*EXERCISE OBJECTIVE:* Exactly as they appear below, repeat the lines from the one with "Total: Height 208cm, diameter 50cm" through the one with "This superb marble sculpture is", and no others.

*INPUT DATA:*
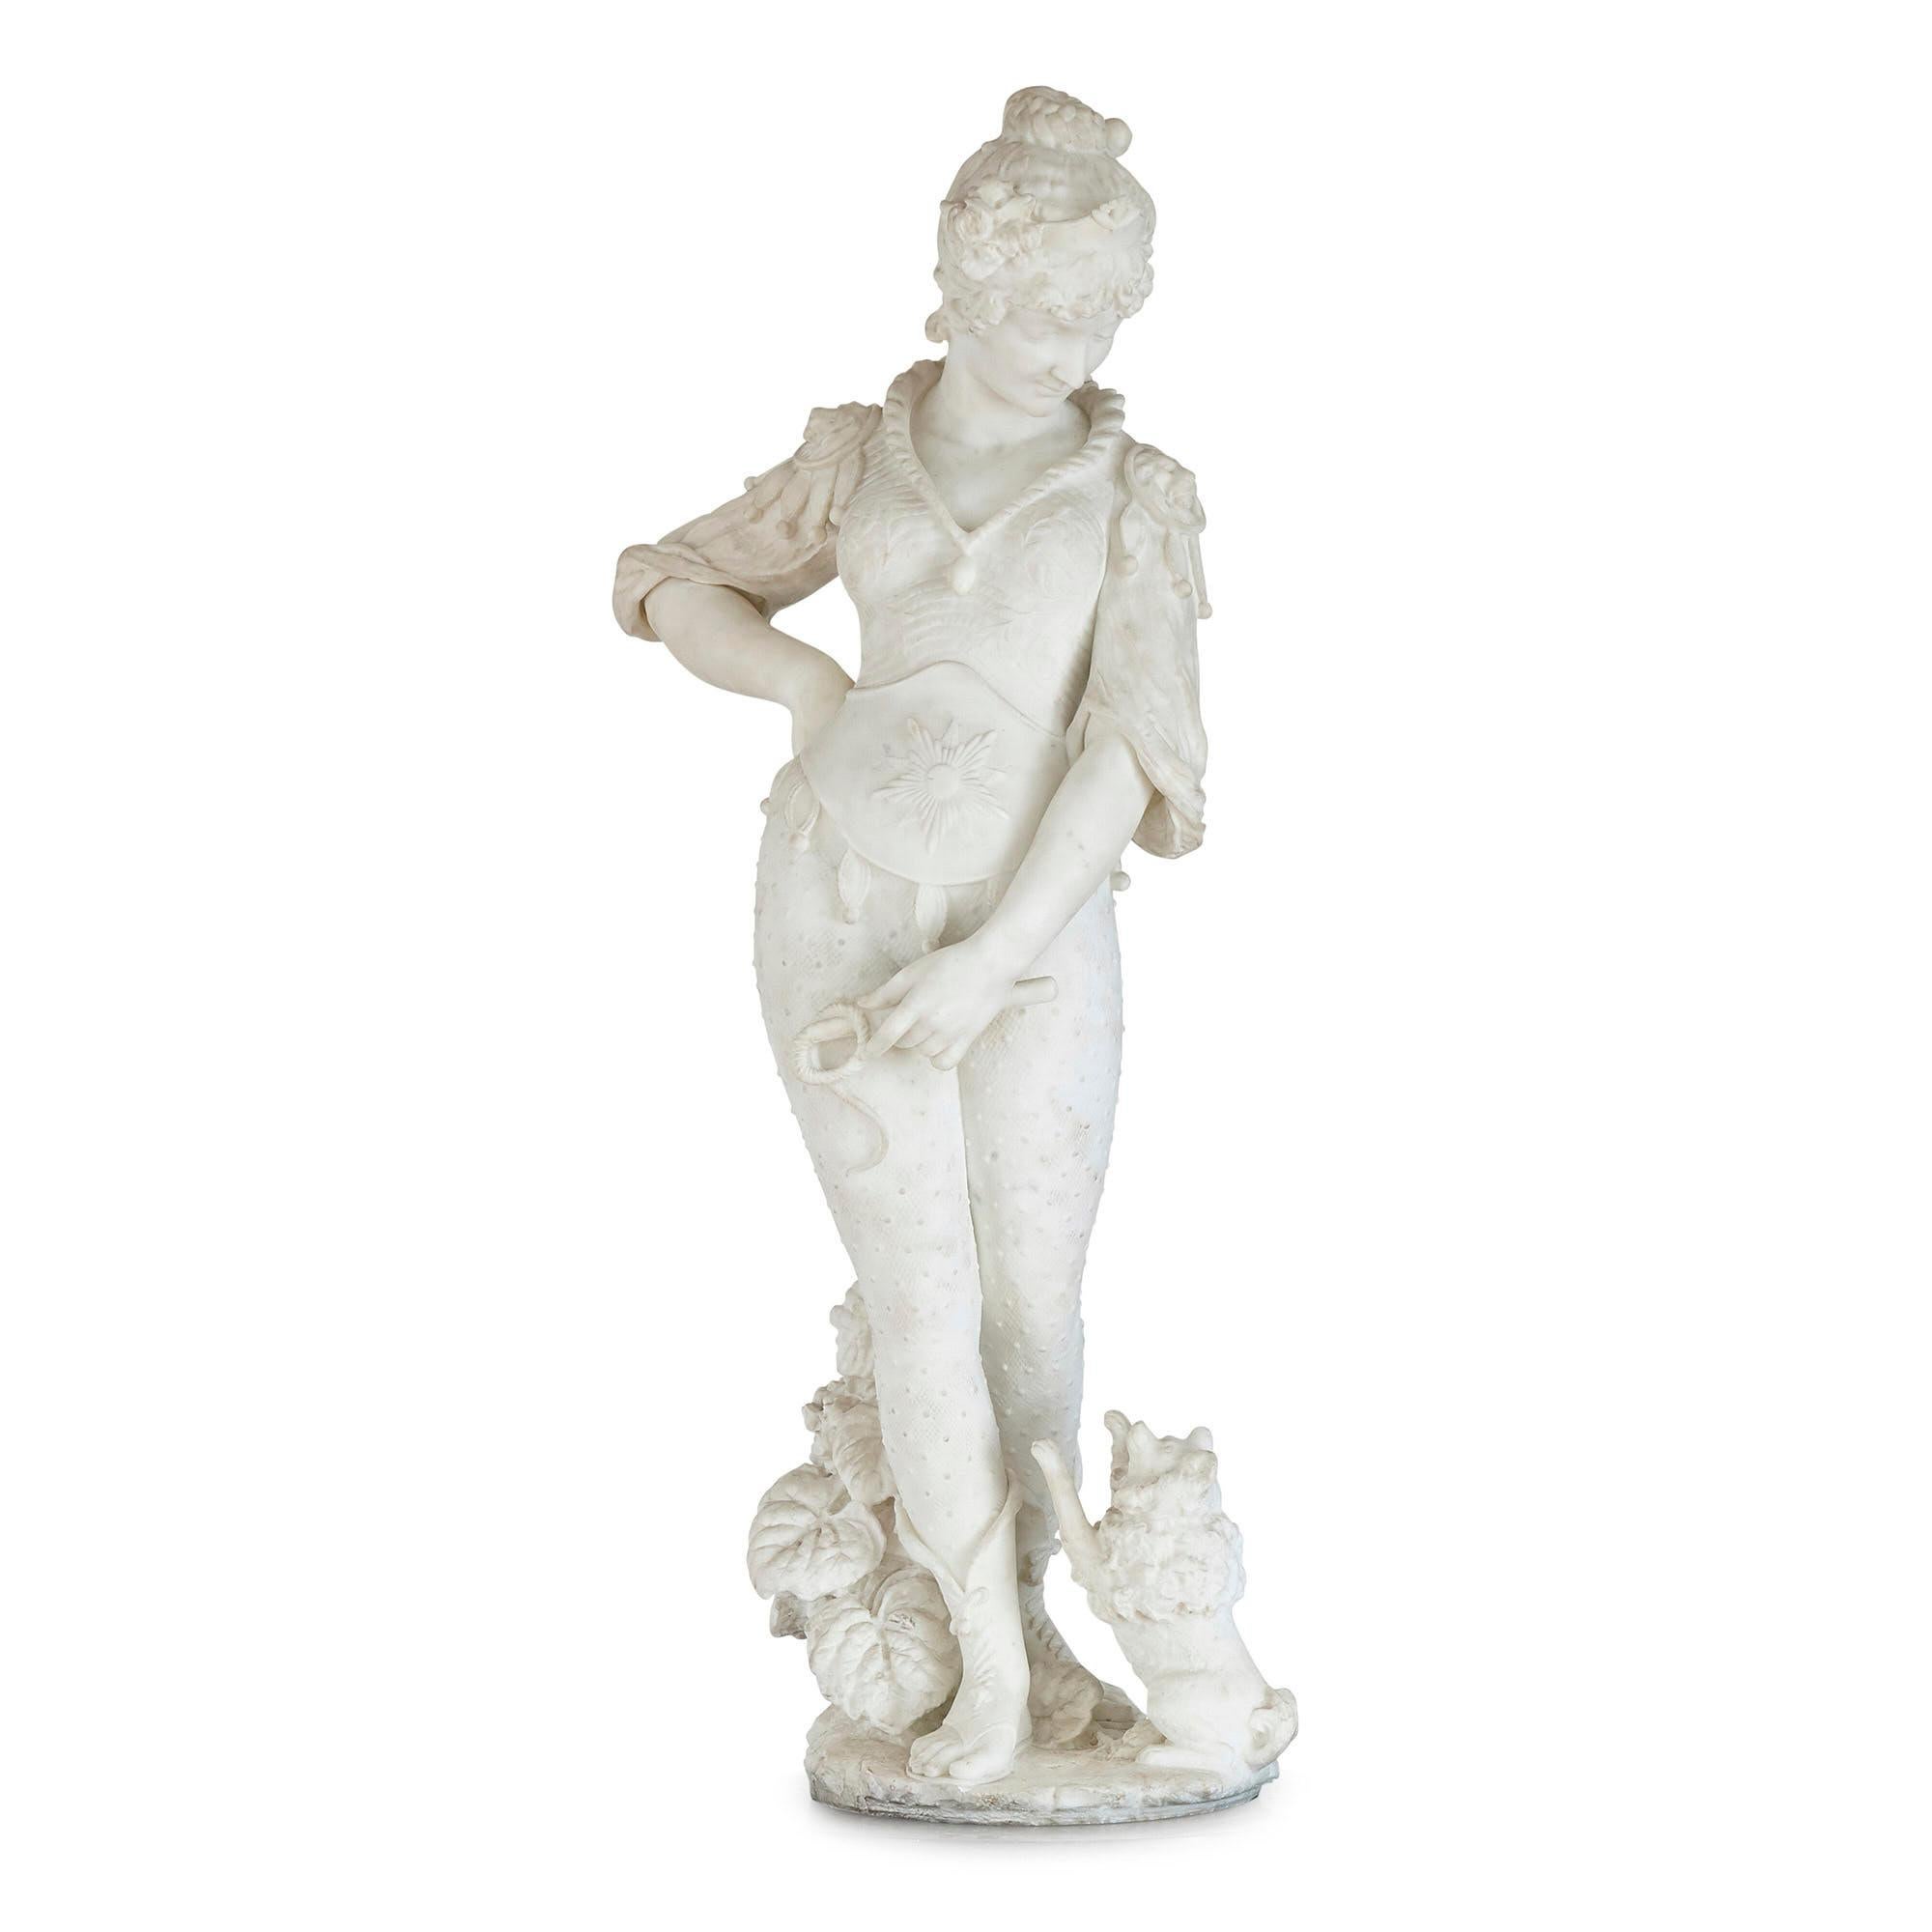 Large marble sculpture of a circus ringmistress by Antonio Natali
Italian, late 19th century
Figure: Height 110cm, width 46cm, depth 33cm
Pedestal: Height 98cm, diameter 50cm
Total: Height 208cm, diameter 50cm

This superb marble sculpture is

==

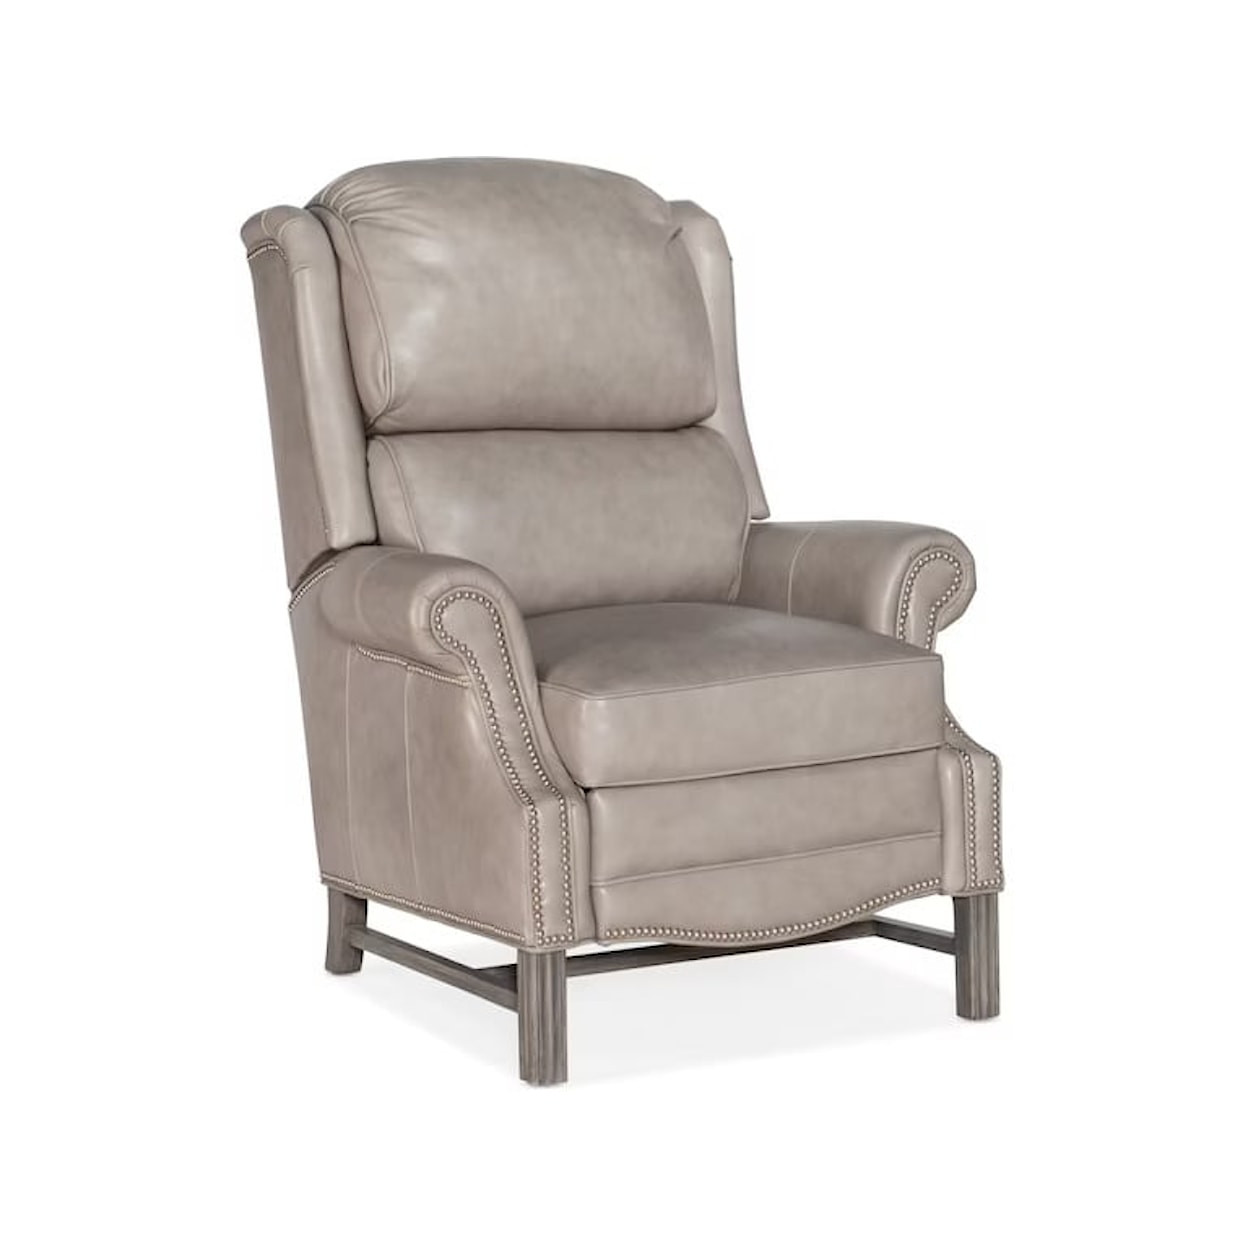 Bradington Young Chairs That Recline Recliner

*PROBLEM SOLUTION:*
Total: Height 208cm, diameter 50cm

This superb marble sculpture is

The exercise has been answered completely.